My Cat is an Alien My Cat is an Alien

Music writer, Chris Parkin, takes a dip into the music and festival scene in Milan in this week's Indie Music Blog...

Danger Mouse and Daniele Luppi’s recent homage to Italian film music, Rome, shifted attention away from cities up north near the Alps. But while it’s true that Rome’s prog bands and film score composers – illustrious names such as Goblin and Ennio Morricone – will ensure vinyl junkies and fans of esoteric music go all misty-eyed for the capital, Milan has its own heritage to be proud of.

It’s where some of the earliest codified music in Western culture comes from and the city’s music conservatory educated luminaries such as Giacomo Puccini and Ludovico Einaudi. But like many cities in northern Italy there’s an industrial feel to the place, which has an effect on the noises emerging from there in much the same way Birmingham produced a lot of grinding, oily metal.

In the 90s, Milan was a breeding ground for a strangely stylish, sex mad and uber threatening Italian hip-hop – the most popular rapper being Articolo 31 – and right now the city is throwing more warehouse parties than disco-era New York. Its inhabitants seem also to be extremely fond of experimental electronic music and noise compositions played on instruments such as pneumatic drills. What visiting F1 fans will make of that we’re not entirely sure.

First, there’s the Kernel Festival, which took place on the outskirts of Milan in Desio for the first time in July. Held at the town’s Villa Tittoni Traversi, the three-day event is a high concept thing that attempts to link electronic sound with digital and interactive art, audiovisual mapping (whatever that is) and temporary architecture.

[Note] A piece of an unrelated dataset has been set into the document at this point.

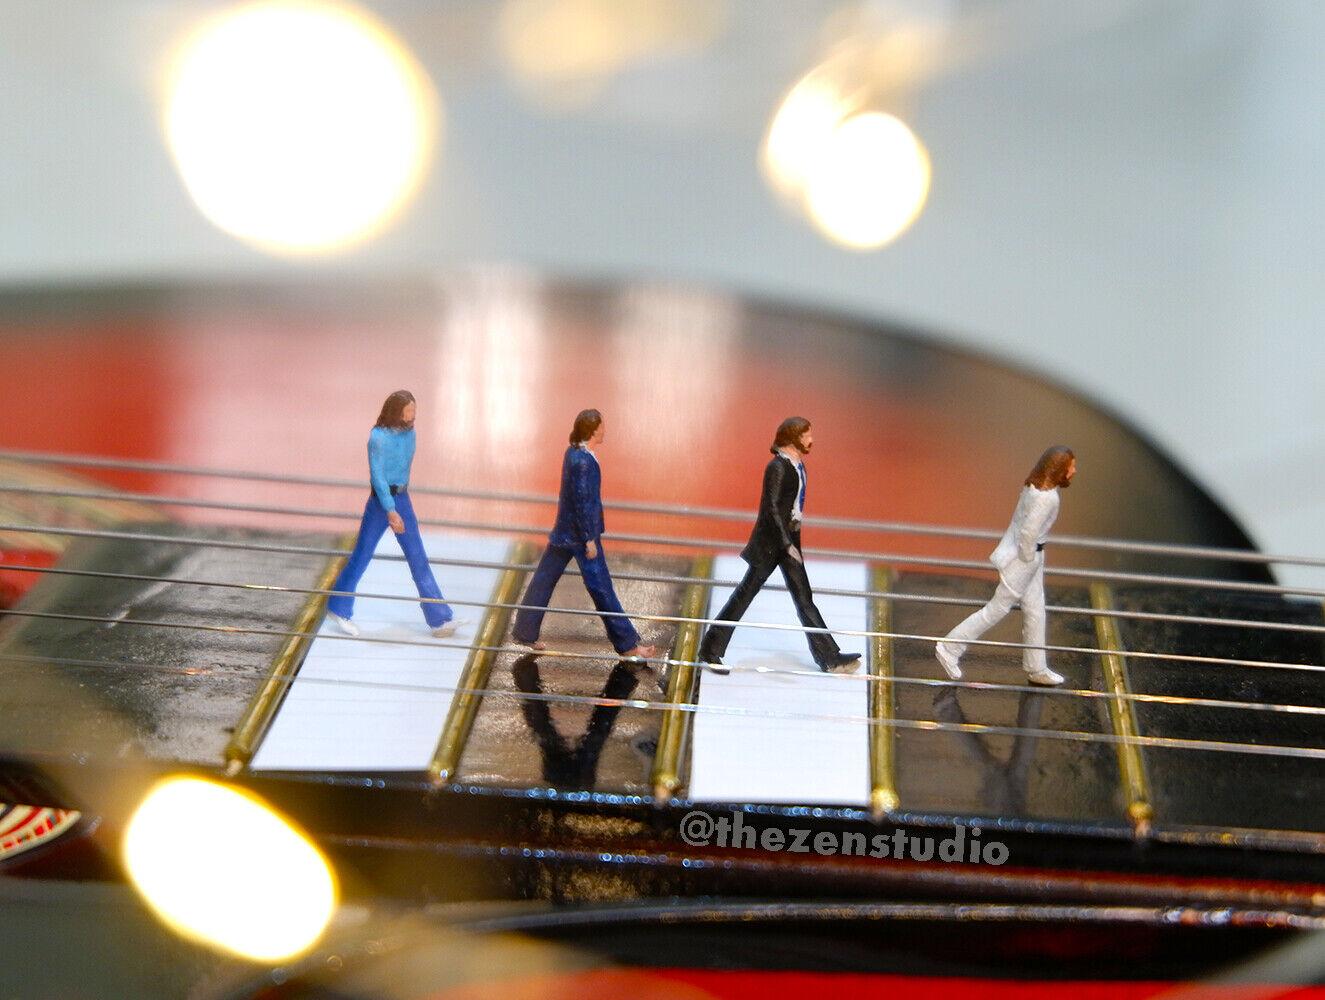 The Beatles Abbey strada esclusivo Full Set ho 1 87 miniatura personaggio non Preiser

The bill, which they’ll be hoping to surpass in 2012, featured a who’s who of international electronic mavericks, most of them dystopian-sounding in nature. Minimal techno man Shed was there along with the Mortiz Von Oswald Trio – the slinky, minimal threesome led by the founder of Basic Channel – DJ Spooky and UK dubstep linchpin Kode9. And there’s hardly a dearth of homebred Milan-based noisemakers either. Joining the bill were 8bit musician Tonylight, wonky electronicist Mother Inc, local drone-folk outfit The Bizarre Collection and sonic artist Marco Donnarumma.

 

 
Another Milan festival is Elita, an event closely associated with the annual design week that’s held every April. It also veers to the leftfield, though not quite as deeply as Kernel. Past performers include Pantha Du Prince, UK Mercury Prize nominee Jon Hopkins, Mouse on Mars and more. There’s the Magnolia Parade too, an event we’ve missed by a week and which shows off the city’s musically on-trend tendencies with famous bands such as Mogwai DJing alongside live sets from obscure noiseniks and electro-punks.

Bolstering the city’s increasing presence on Europe’s avant-garde/leftfield scene are venues such as Fondazione Arnoldo Pomodoro, which books acts like Einsturzende Neubauten’s Blixa Bargeld and heavenly electronicist Christian Fennesz. Plus Milan’s label/distribution project SoundOHM – a one-stop shop for synapse-frying noise and spaced-out drones.

And for fans of music that most people will argue isn’t really music, it’s never too long before Turin’s premier cosmic rockers My Cat is An Alien drop by to unleash their hypnotic grooves, static drones, spontaneous compositions and odd blend of audio visual art performed on electric and acoustic guitars, toy instruments they call 'space toys' and ‘alientronics'. Just to give you an idea of what they’re like before you hit play below and have your ears burned, they’ve worked with Sonic Youth, Jackie-O Motherfucker, Nels Cline and Mats Gustafsson in the past. Basically, they’re noisier than an F1 starting grid.